→ **COLLECTED MATERIAL**

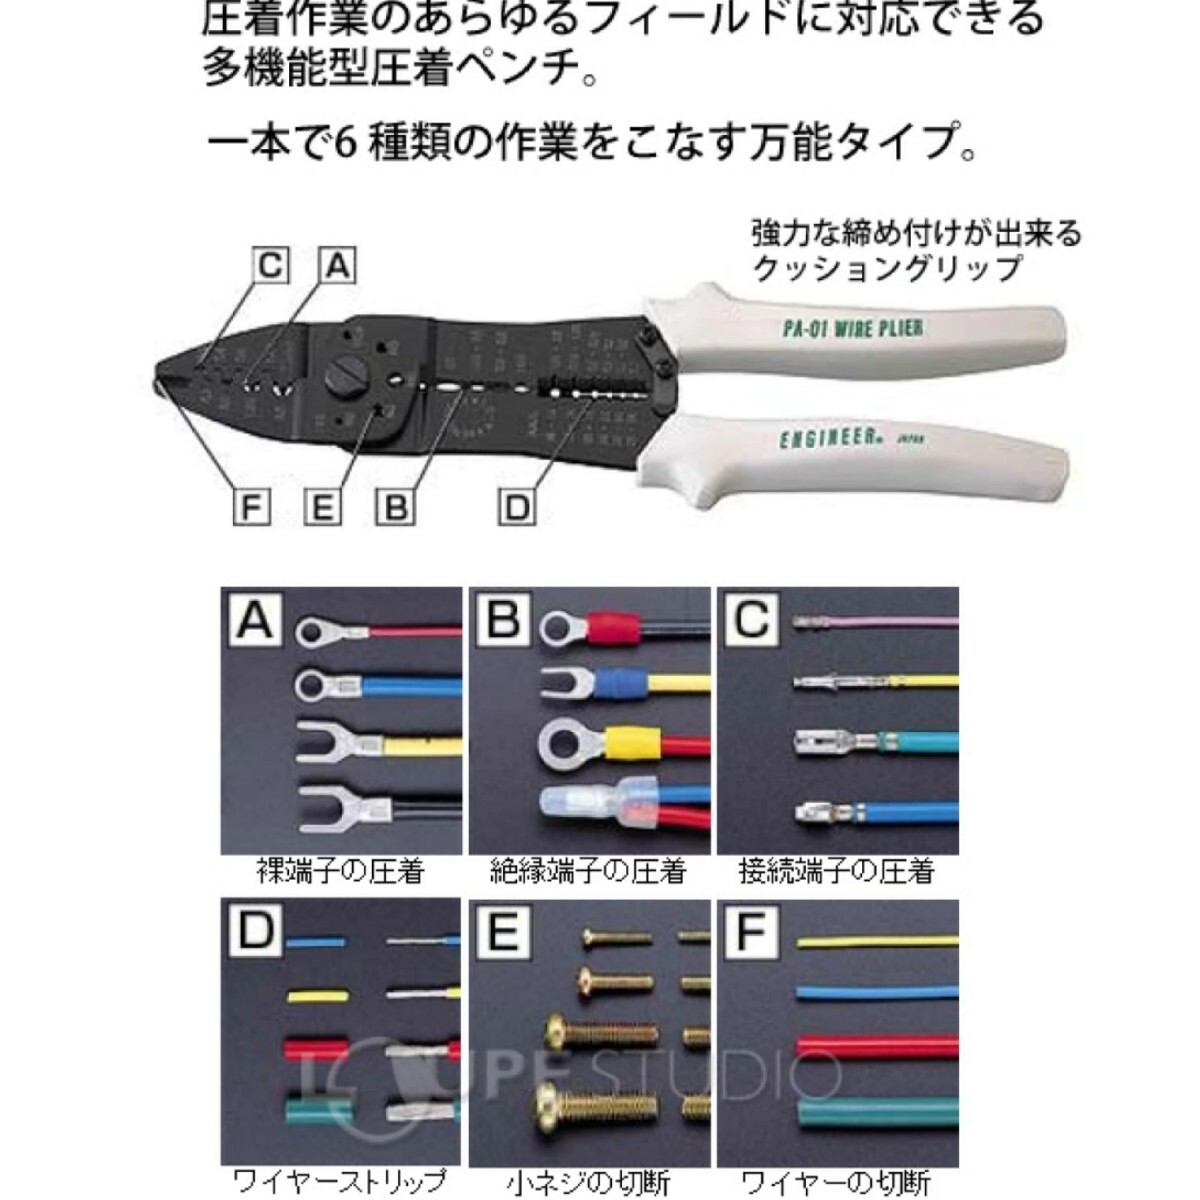  большой индустрия предмет распроданный очень редкий редкостный в это время товар легкий в использовании инженер код плоскогубцы PA-01 сделано в Японии -тактный риппер плоскогубцы обжимные клещи инструмент 
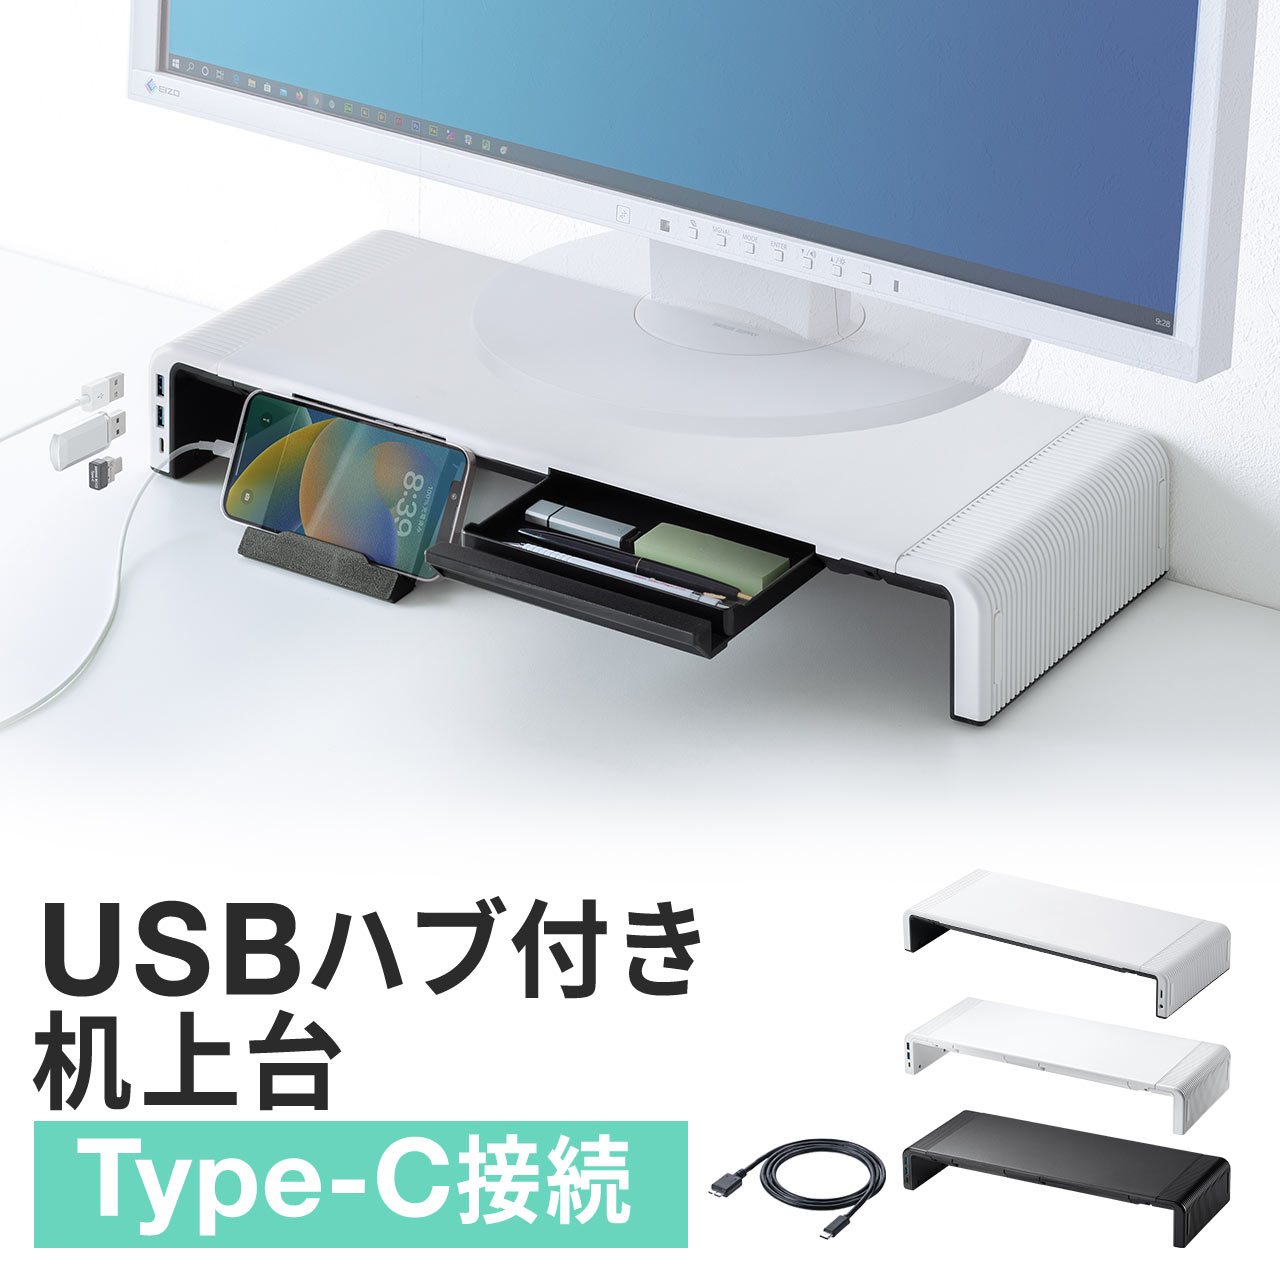 モニター台 USBポート Type-Cポート 机上台 机上ラック 引き出し付き キーボード収納 USBハブ付き 幅調整 Type-C接続 パソコン台 100-MR188BW
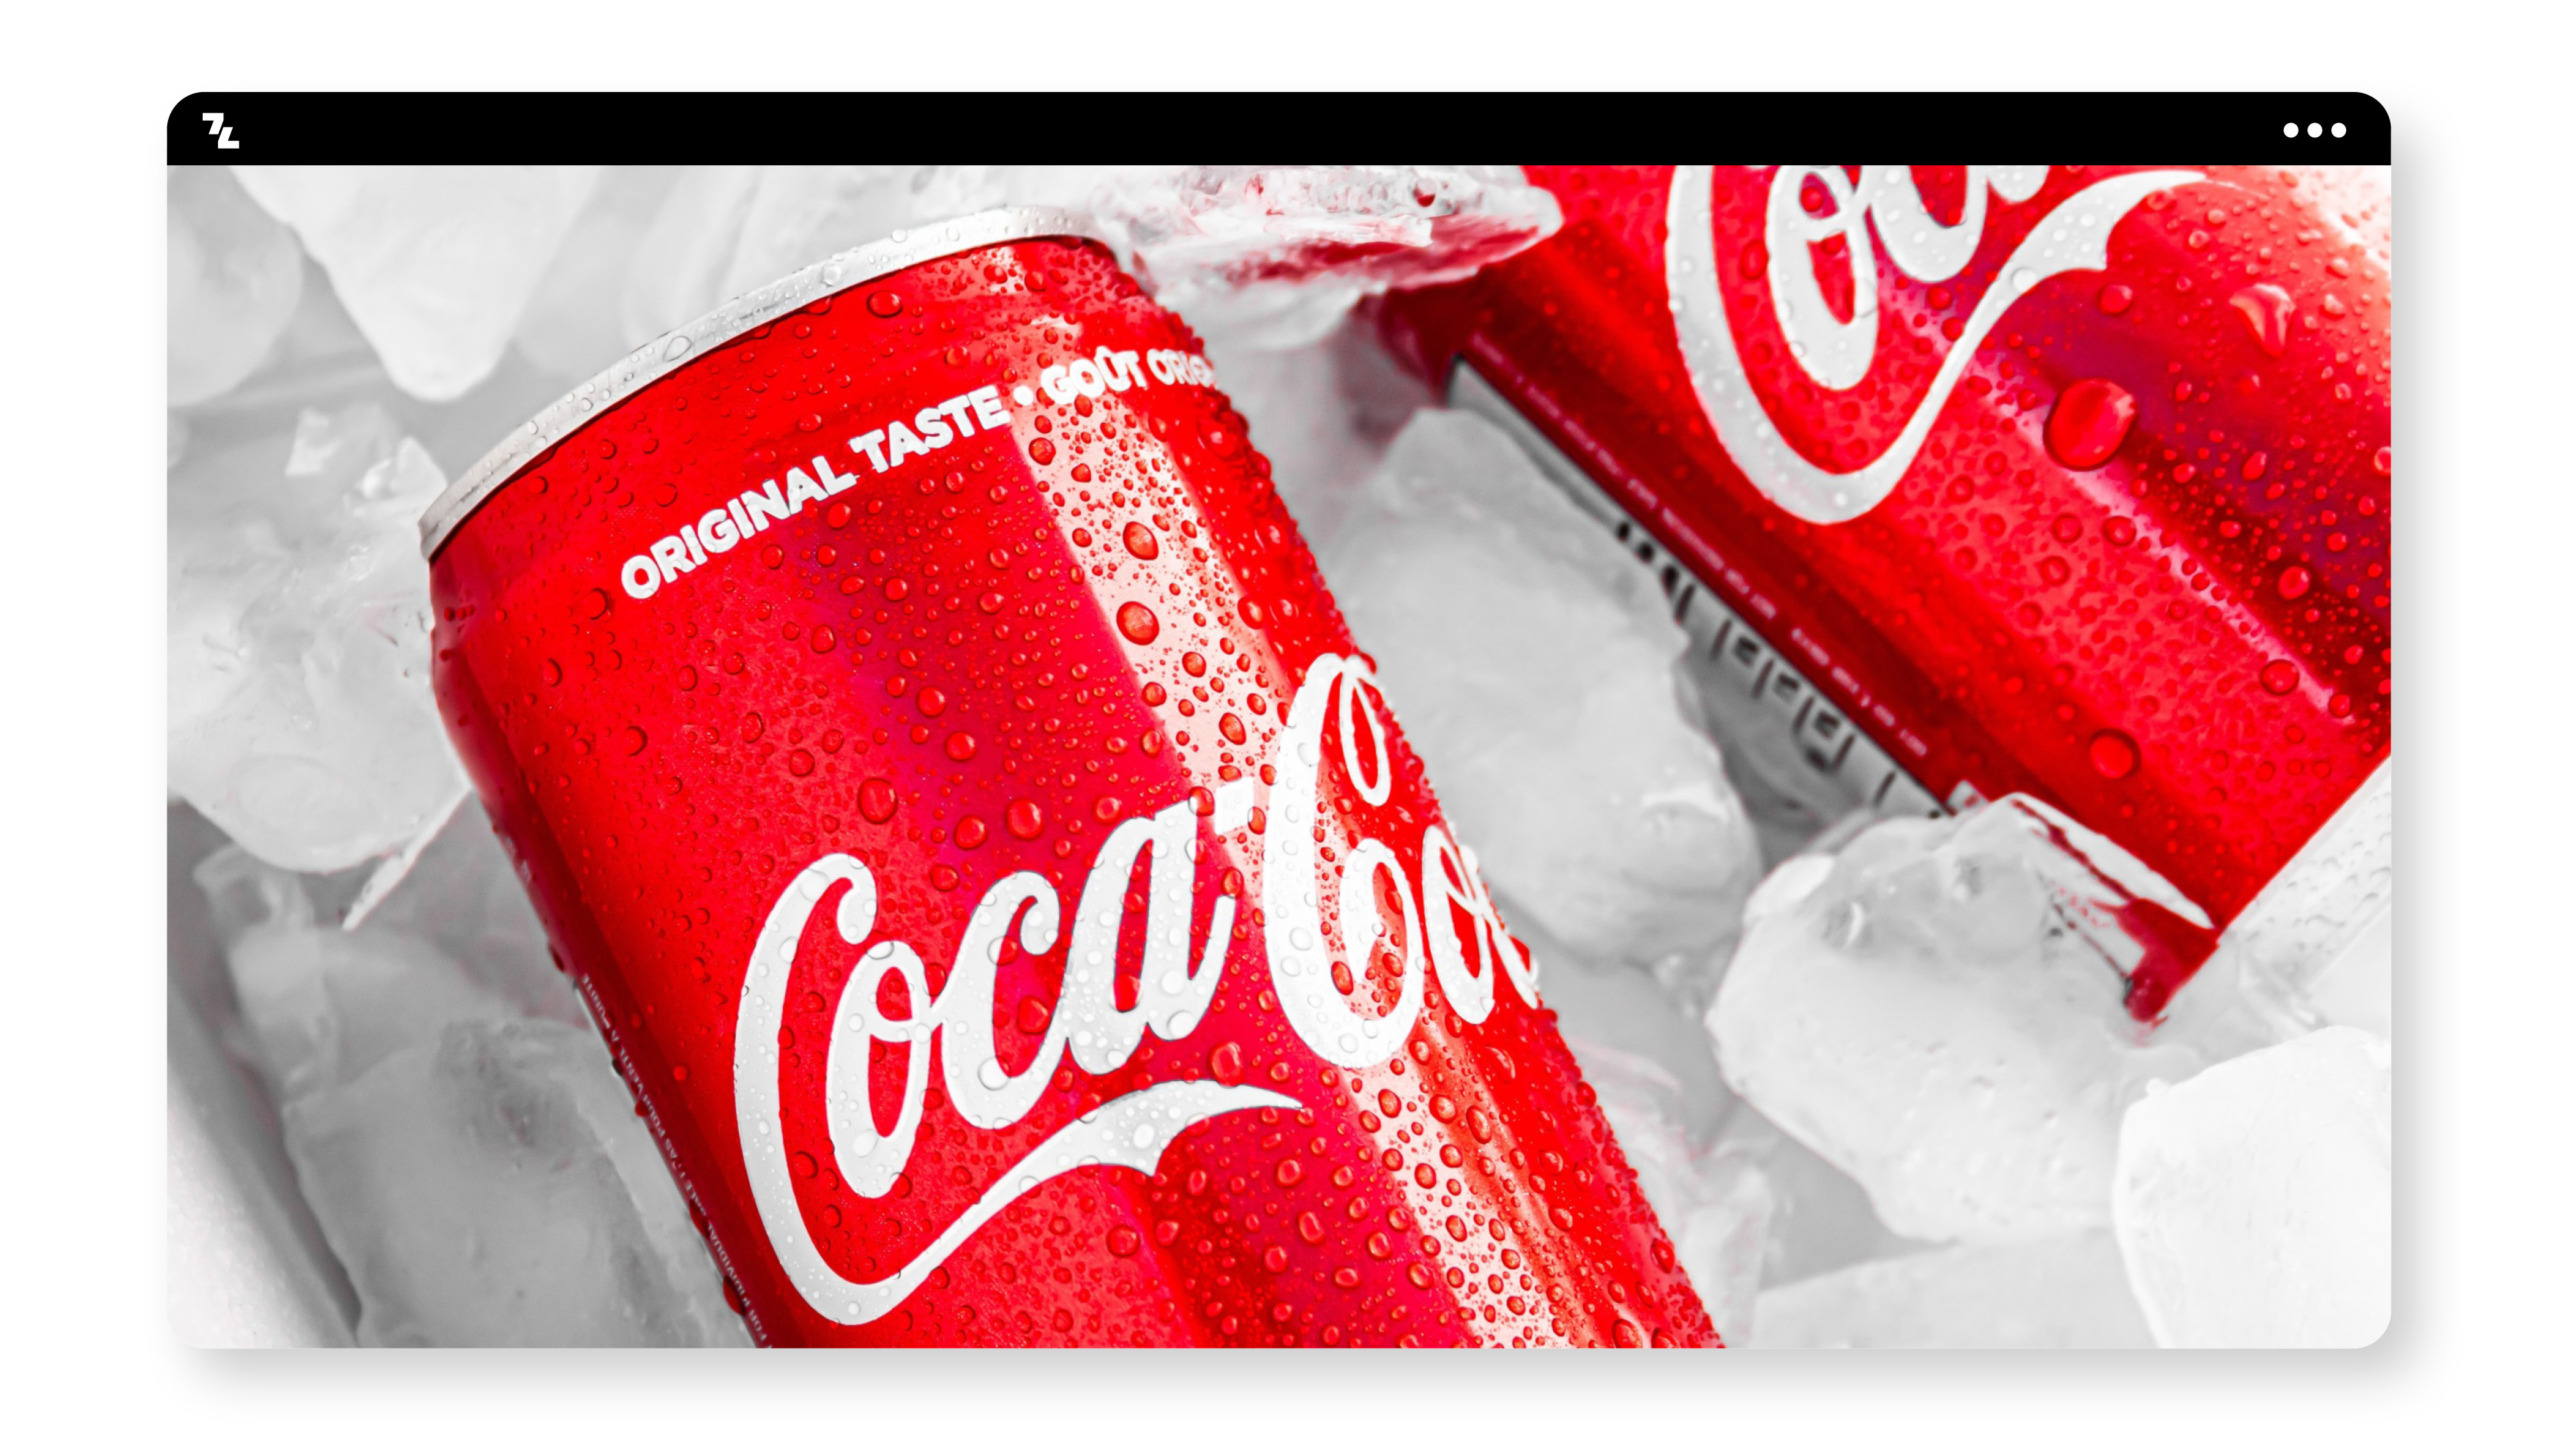 Zwei Dosen Coca Cola liegen auf Eis.

→ **THE TASK**
An exact reproduction of the data is required, with pictures excluded.

→ **EXERCISE RESULT**
  большой индустрия предмет распроданный очень редкий редкостный в это время товар легкий в использовании инженер код плоскогубцы PA-01 сделано в Японии -тактный риппер плоскогубцы обжимные клещи инструмент 
 モニター台 USBポート Type-Cポート 机上台 机上ラック 引き出し付き キーボード収納 USBハブ付き 幅調整 Type-C接続 パソコン台 100-MR188BW
 Zwei Dosen Coca Cola liegen auf Eis.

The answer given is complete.